4. [Richard] is [gainfully employed] which in itself is a reflection of his family / mentors / upbringing etc. In short, [Richard] has thrived under their care (the Foster Carers have earnt the right also).

5. It is unfortunate [Richard’s] Mother is not supportive. That’s understandable. There is not enough evidence to suggest her relationship with [Richard] is strong enough for her to have influence though.

6. It is good that [Richard’s] Father is supportive of the proposed adoption.

7. The fact there are a number of Aboriginal Teams within OOHC supporting this is great. These professionals are behind [Richard’s] request.

8. It is my understanding this needs to be done also, in the best interests of the Foster Carers, in the event there is a Will. The Will can go uncontested by other family members if the Adoption is finalised.

Putting it all together, I believe as an Aboriginal Elder, [Richard] should be allowed his wishes. It’s a YES from me.”

  1. On 22 March 2023, Mr Lee said:

“You know when I first read your email I thought Adoption would be an automatic no because of my peoples history of the stolen generation, but I reflected on the information by unpacking it and also spoke to another highly respected Aboriginal elder … about this consult. After much reflection I could not only hear [Richard’s] voice but also became aware of the commitment and connection between [Richard] and his Carers.”

  1. Mr Lee, and thus the Organisation, is enthusiastically supportive of an adoption by the Prospective Adoptive Parents of Richard.

  1. In these circumstances, I am satisfied that Richard’s placement with the Prospective Adoptive Parents has been made “in consultation with” an Aboriginal organisation of the kind specified in s 33(2) of the Act. The ongoing process called for by s 33(2) has occurred. [7]

    7. See The Adoption of Edward (a pseudonym) [2022] NSWSC 1488 at [49].

Jane’s position

  1. Jane is fundamentally opposed to the making of an adoption order of Richard in favour of the Prospective Adoptive Parents. Jane explained her position with great dignity and eloquence at the preliminary hearing on 3 April 2023.

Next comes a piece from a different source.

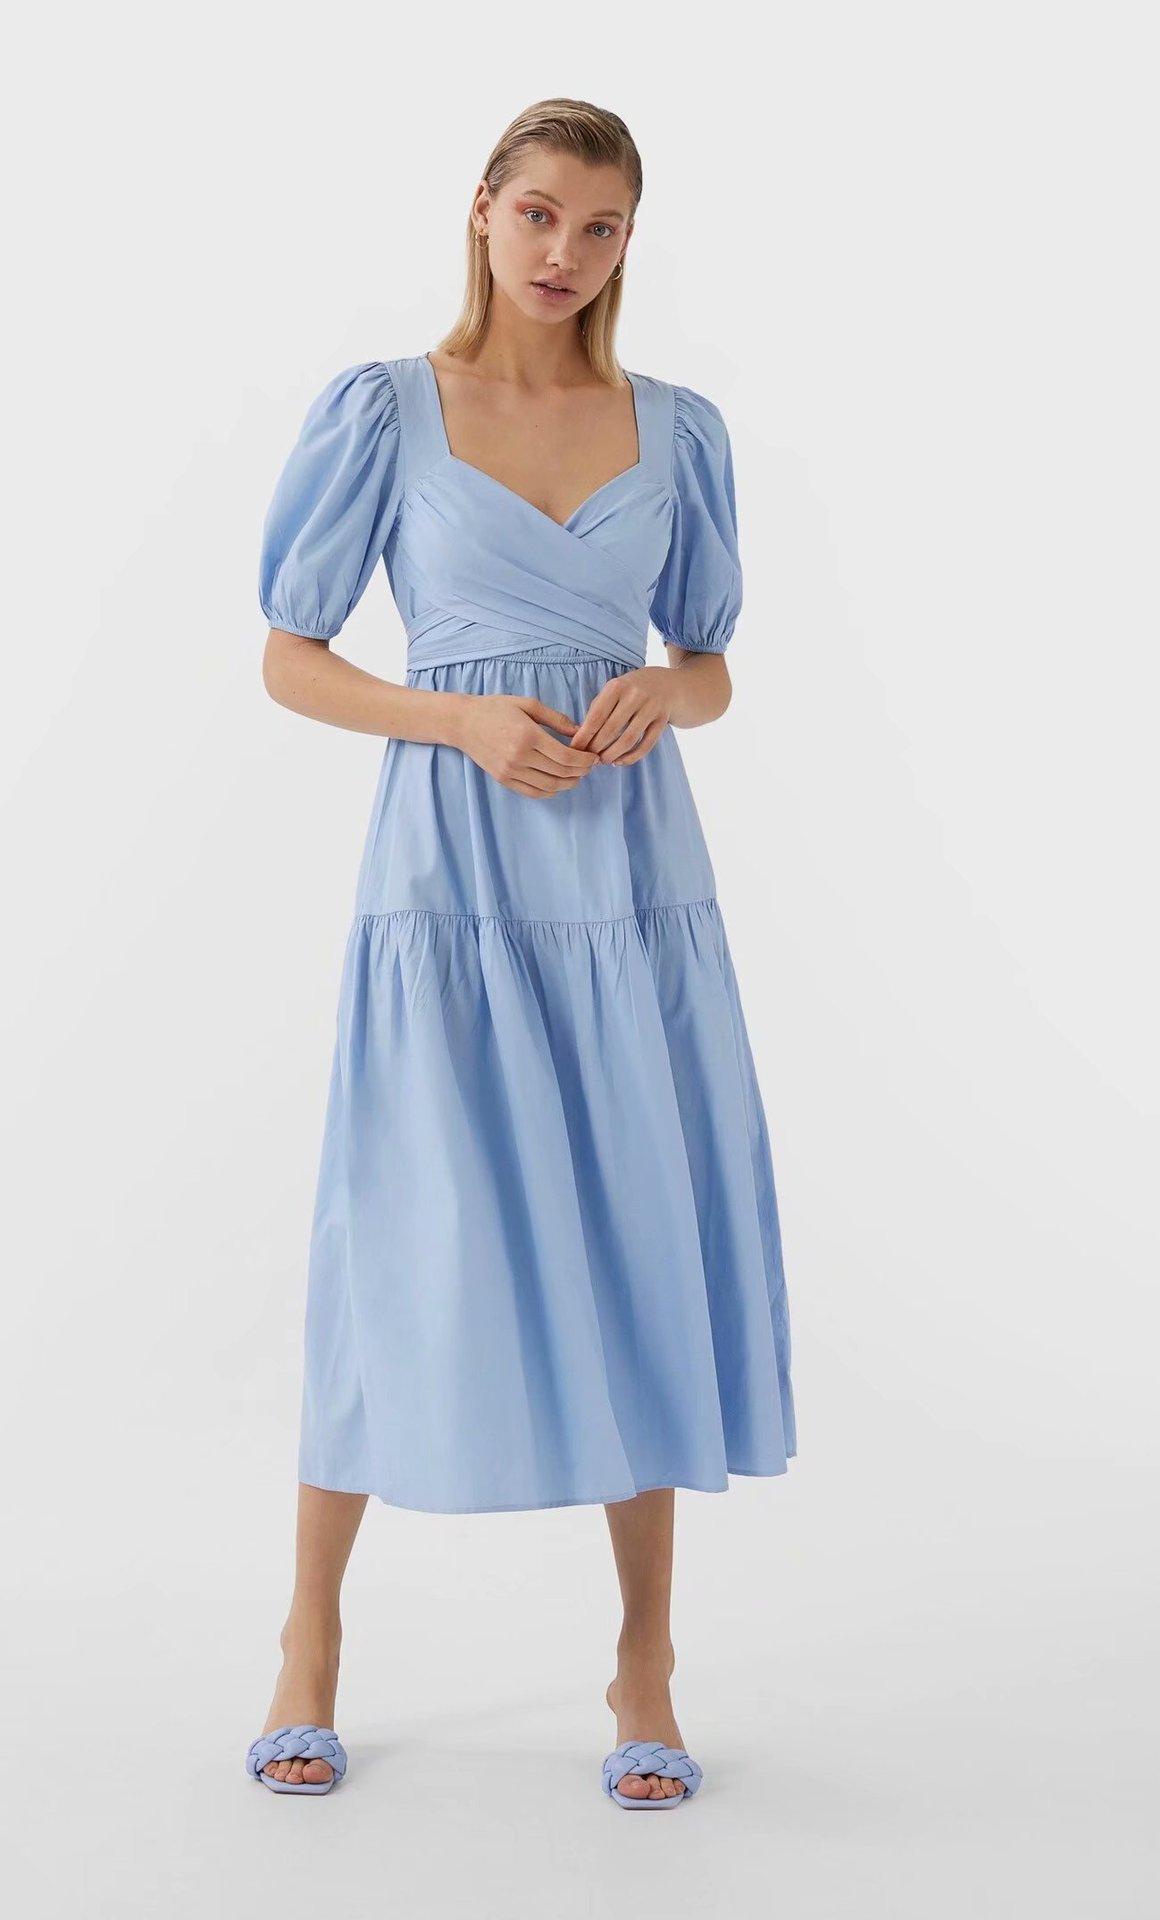 2020 New Spring Summer European V-neck Poplin Splicing Zaraing Women Dress Vadiming Sheining Female Blue Dress WEW63.72

  2. Jane referred to “the harm which has occurred to Aboriginal children in interracial adoption families” and said that “adoption is alien to our way of life”.

  3. Jane emphasised that “in my culture children are responsible for their extended family, not just biological parents alone. Even under normal circumstances the extended family plays an important role in the upbringing of Aboriginal children where the biological parents cannot do so”. Jane spoke of the “extended family structure” in Aboriginal communities.

  4. Jane also said “proceedings in adoption goes against [the] Aboriginal concept of shared parenting” and “adoption is contrary to the Aboriginal custom of interracial adoption and is known to be contrary to the best interests of the Aboriginal child in the great majority of cases”.

  5. Jane also said that “I have always and I continue to always put my son first, hence the reason why I never went back for restoration”.

  6. These are matters to which I will return when considering whether to make an order for adoption, once the Secretary is in a position to make an application for that order.

**********

Endnotes

Amendments

13 April 2023 - Insertion of par 47.

09 August 2023 - References in paragraphs [37], [38], [39], [40], [42], [43], [44], [45], [46] anonymised.